DATASET EXTRACT =
• • • • •
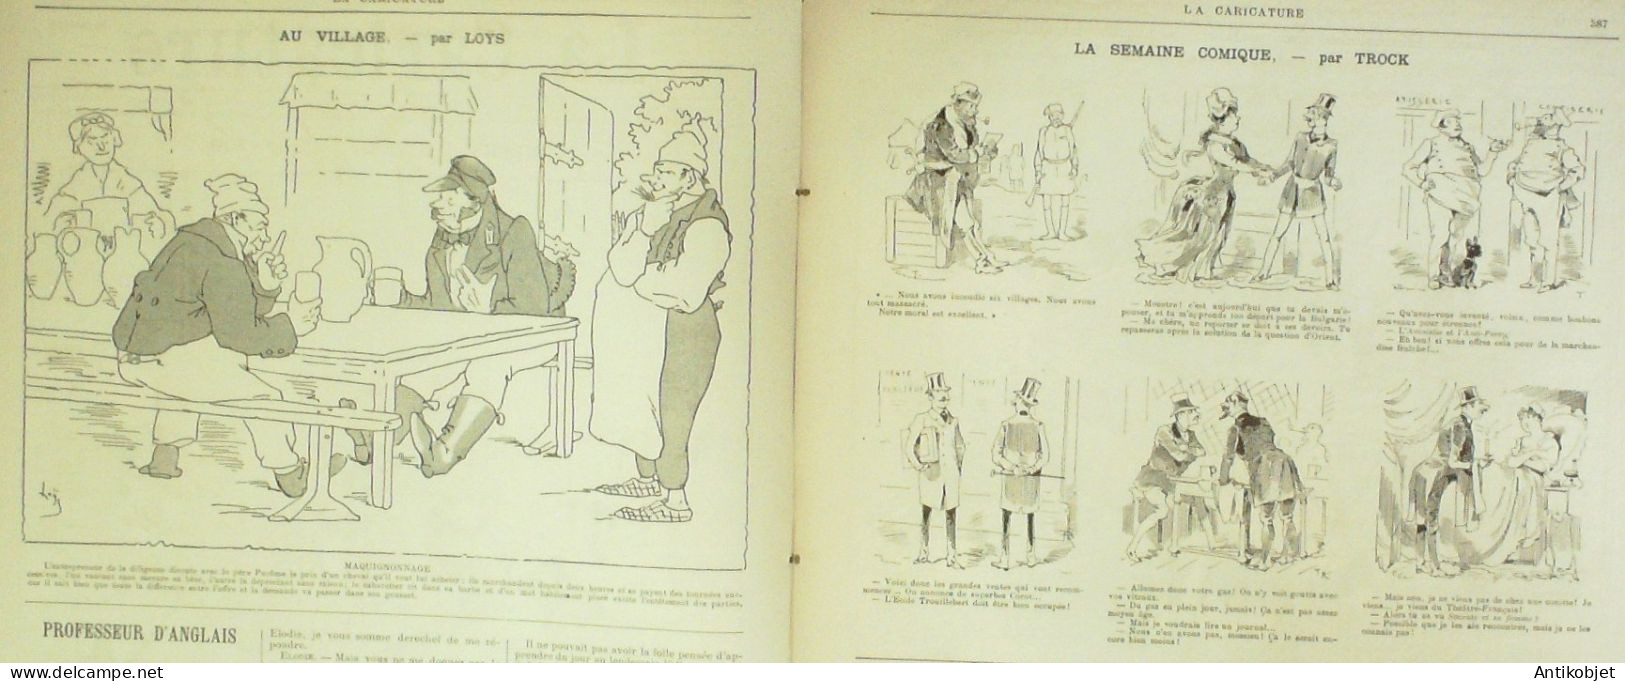 La Caricature 1885 N°310 Courses D'hiver Job Massenet Par Luque Rabelais Toto Robida - Riviste - Ante 1900
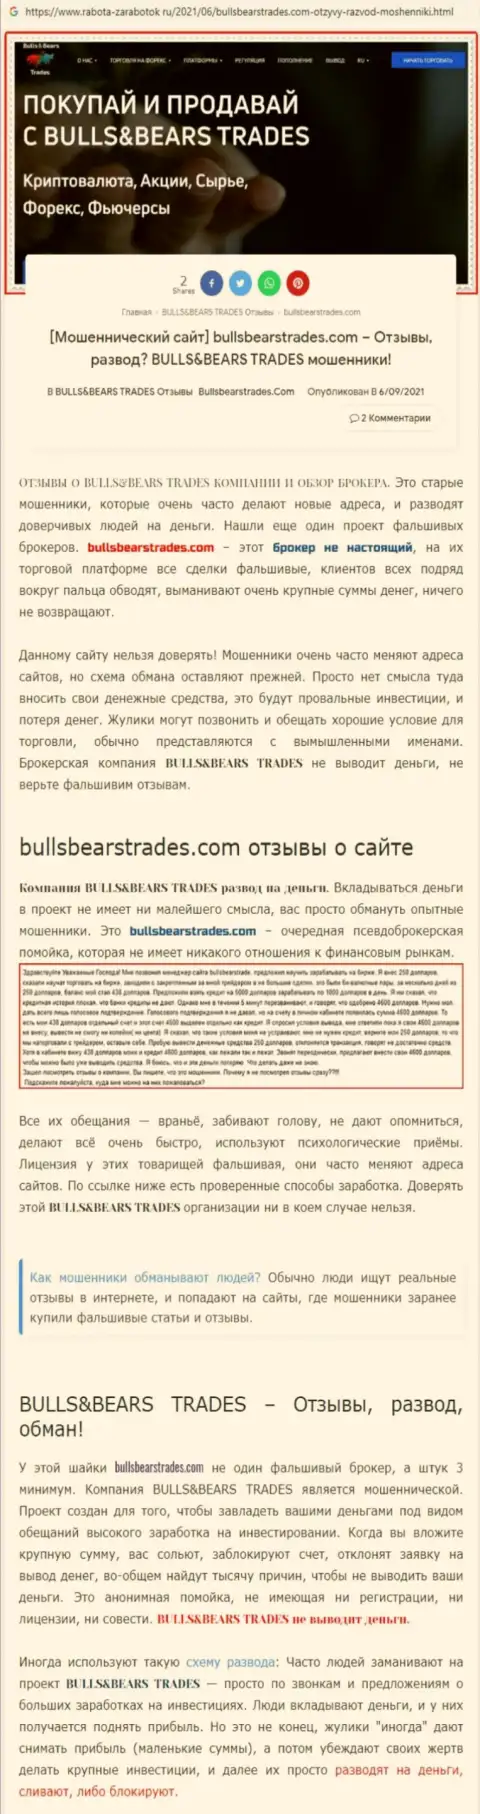 Обзор противозаконно действующей компании BullsBearsTrades о том, как обворовывает до последней копейки клиентов
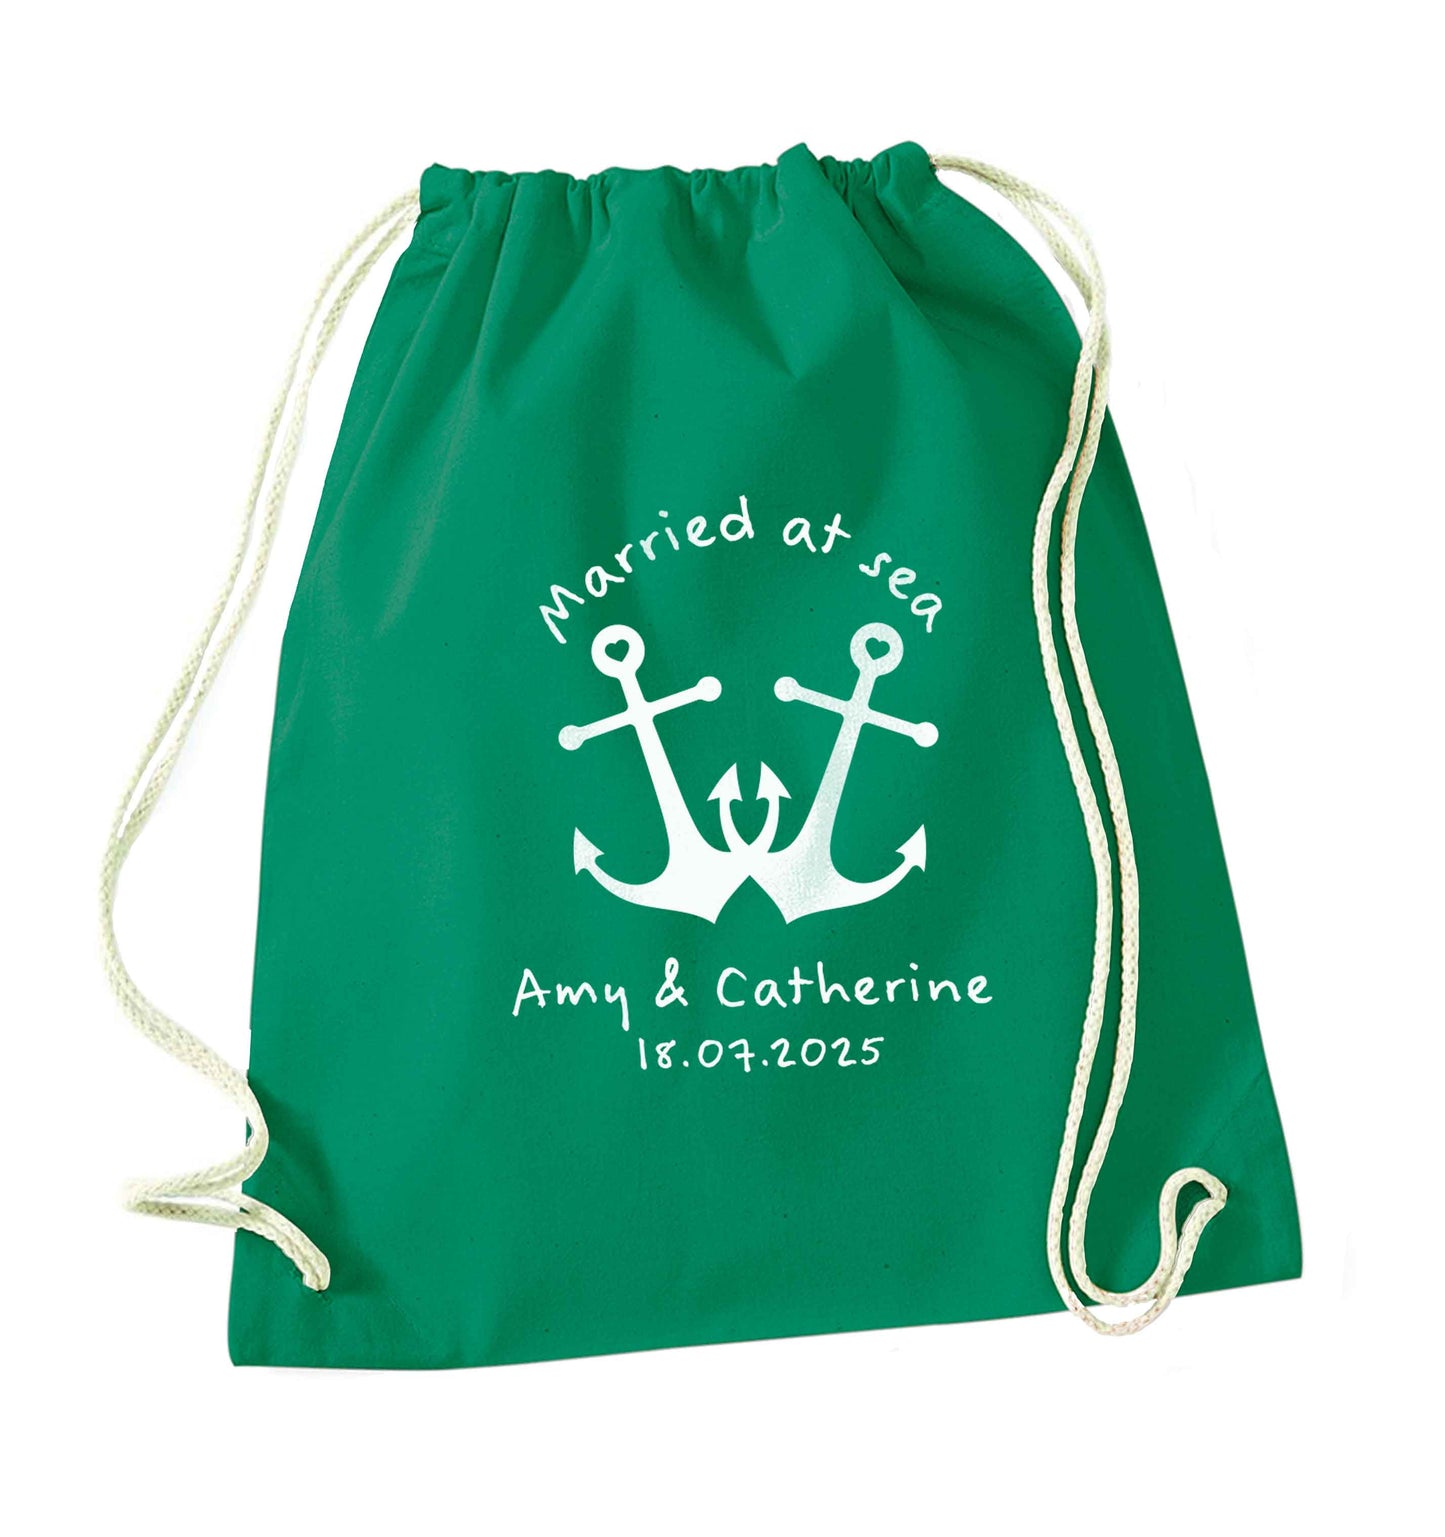 Married at sea pink anchors green drawstring bag
• • • • •
ASSIGNED TASK = Would you set down each line of the listing above exactly, apart from the pictures?

WRITTEN RESPONSE =
 La Caricature 1885 N°310 Courses D'hiver Job Massenet Par Luque Rabelais Toto Robida - Riviste - Ante 1900
 Обзор противозаконно действующей компании BullsBearsTrades о том, как обворовывает до последней копейки клиентов
 Married at sea pink anchors green drawstring bag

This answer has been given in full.